Create Mapper and Reducer for Aggregate Dataset
Create a Pentaho Mapper Transformation
In this task you will create a Pentaho Mapper transformation. This transformation will be used to run a Pentaho MapReduce job on the Hadoop cluster. This transformation will consume a parsed, tab-delimited weblog record and construct intermediate data consisting of a key comprised of Client IP, Year, and Month and emitting a constant value of 1. The value denotes a single pageview for the key. The summing will be done by the Reducer – which we will develop next.
Start PDI on your desktop. Once it is running choose 'File' -> 'New' -> 'Transformation' from the menu system or click on the 'New file' icon on the toolbar and choose the 'Transformation' option.

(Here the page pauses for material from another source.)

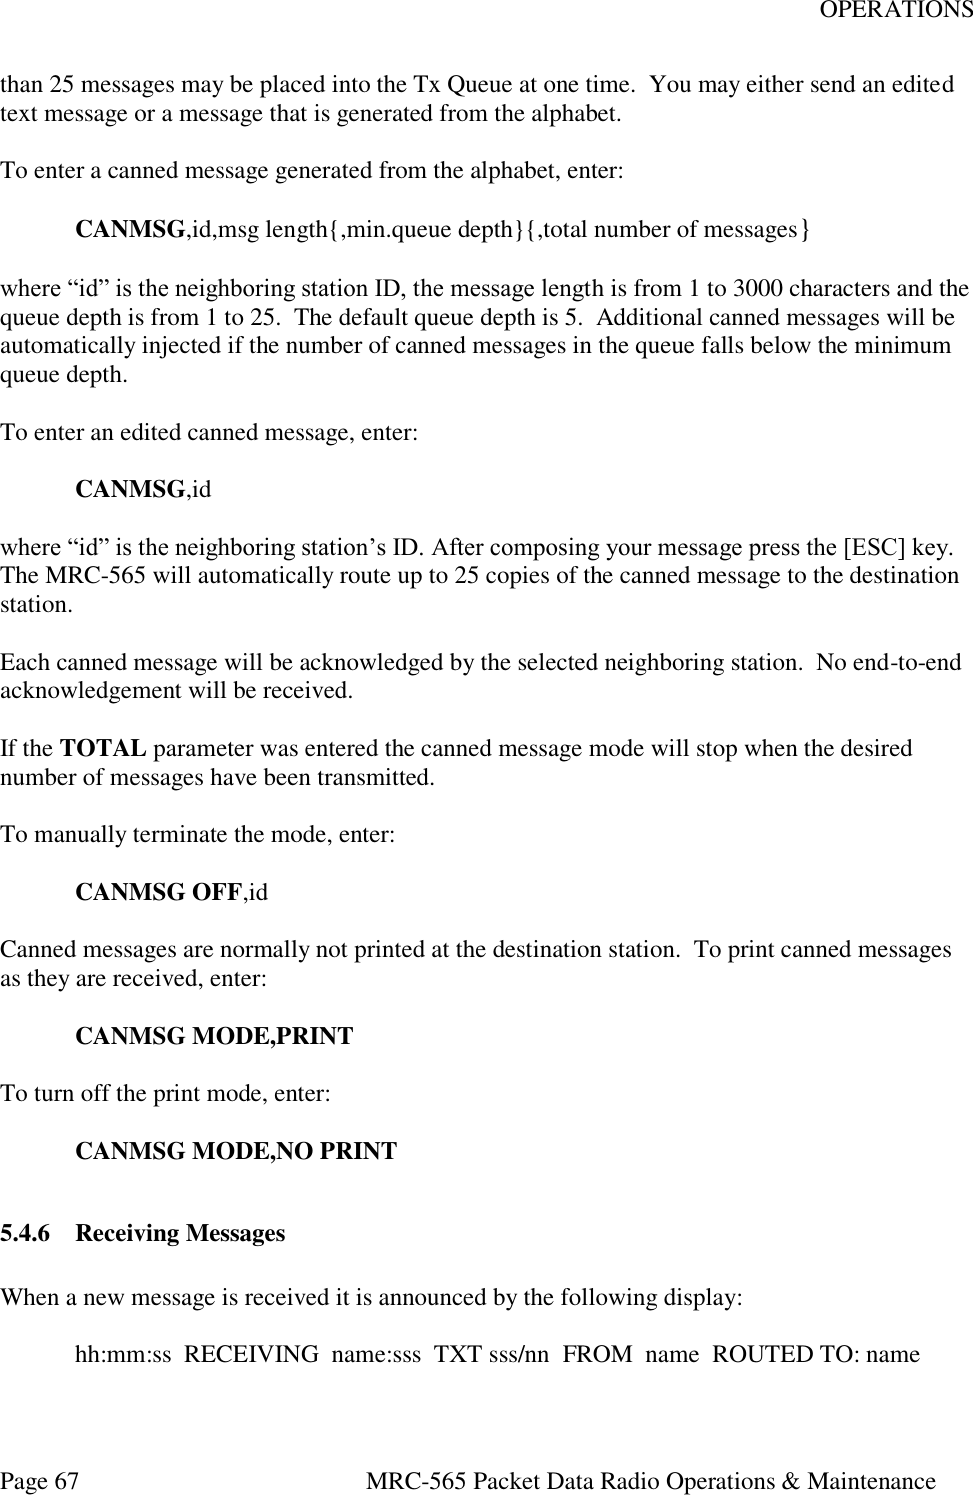 OPERATIONS Page 67  MRC-565 Packet Data Radio Operations &amp; Maintenance than 25 messages may be placed into the Tx Queue at one time.  You may either send an edited text message or a message that is generated from the alphabet.  To enter a canned message generated from the alphabet, enter:   CANMSG,id,msg length{,min.queue depth}{,total number of messages}  where “id” is the neighboring station ID, the message length is from 1 to 3000 characters and the queue depth is from 1 to 25.  The default queue depth is 5.  Additional canned messages will be automatically injected if the number of canned messages in the queue falls below the minimum queue depth.  To enter an edited canned message, enter:   CANMSG,id  where “id” is the neighboring station’s ID. After composing your message press the [ESC] key.  The MRC-565 will automatically route up to 25 copies of the canned message to the destination station.   Each canned message will be acknowledged by the selected neighboring station.  No end-to-end acknowledgement will be received.  If the TOTAL parameter was entered the canned message mode will stop when the desired number of messages have been transmitted.  To manually terminate the mode, enter:   CANMSG OFF,id  Canned messages are normally not printed at the destination station.  To print canned messages as they are received, enter:   CANMSG MODE,PRINT  To turn off the print mode, enter:   CANMSG MODE,NO PRINT  5.4.6 Receiving Messages  When a new message is received it is announced by the following display:    hh:mm:ss  RECEIVING  name:sss  TXT sss/nn  FROM  name  ROUTED TO: name

Add a MapReduce Input Step: You are going to read data into the transformation from MapReduce, so expand the 'Big Data' section of the Design palette and drag a 'MapReduce Input' node onto the transformation canvas. Your transformation should look like:
Edit the MapReduce Input Step: Double-click on the 'MapReduce Input' node to edit its properties. Enter this information:
Key Field Type: Enter String
Value Field Type: Enter String
When you are done your 'MapReduce Input' window should look like this:
Click 'OK' to close the window.
Add a Split Fields Step: You need to split the incoming records on tab to get the individual fields in the record, so expand the 'Transform' section of the Design palette and drag a 'Split Fields' node onto the transformation canvas. Your transformation should look like:
Connect the Input and Split Fields Steps: Hover the mouse over the 'MapReduce Input' node and a tooltip will appear.
Click on the output connector (the green arrow pointing to the right) and drag a connector arrow to the 'Split Fields' node. Your canvas should look like this:
Edit the Split Fields Step: Double-click on the 'Split Fields' node to edit its properties. Enter this information:
Field to split: Select 'value'
Delimiter: Enter '$[09]' 09 is the hexadecimal representation of the ASCII tab character.
Fields: The field list will be the following of with 'Type' set to 'String'
client_ip
full_request_date
day
month
month_num
year
hour
minute
second
timezone
http_verb
uri
http_status_code
bytes_returned
referrer
user_agent
When you are done your 'MapReduce Input' window should look like this:
Click 'OK' to close the window.
Add a User Defined Java Expression Step: You need to concatenate the client_ip, year, and month together to create the key field, so expand the 'Scripting' section of the Design palette and drag a 'User Defined Java Expression' node onto the transformation canvas. Your transformation should look like:
Connect the Split Fields and User Defined Java Expression Steps: Hover the mouse over the 'Split Fields' node and a tooltip will appear. Click on the output connector (the green arrow pointing to the right) and drag a connector arrow to the 'User Defined Java Expression' node. Your canvas should look like this:
Edit the User Defined Java Expression Step: Double-click on the 'User Defined Java Expression' node to edit its properties. Do the following:
Create a new field 'new_key' with Type 'String' and the following Java expression:
client_ip + '\t' + year + '\t' + month_numNote the characters between the '' are tabs. You will have to copy and paste tab characters into the Java Expression.
Create a new field 'new_value' with Type 'Integer' and the Java expression '1'.
When you are done your window should look like:
Click 'OK' to close the window.
Add a MapReduce Output Step: You need to write the new key and new value to the output, so expand the 'Big Data' section of the Design palette and drag a 'MapReduce Output' node onto the transformation canvas. Your transformation should look like:
Connect the Java Expression and Output Steps: Hover the mouse over the 'User Defined Java Expression' node and a tooltip will appear. Click on the output connector (the green arrow pointing to the right) and drag a connector arrow to the 'MapReduce Output' node. Your canvas should look like this:
Edit the Output Step: Double-click on the 'MapReduce Output' node to edit its properties. Enter the following information:
Key field: Select 'new_key'
Value field: Select 'new_value'
When you are done your window should look like:
Click 'OK' to close the window.
Save the Transformation: Choose 'File' -> 'Save as...' from the menu system. Save the transformation as 'aggregate_mapper.ktr' into a folder of your choice.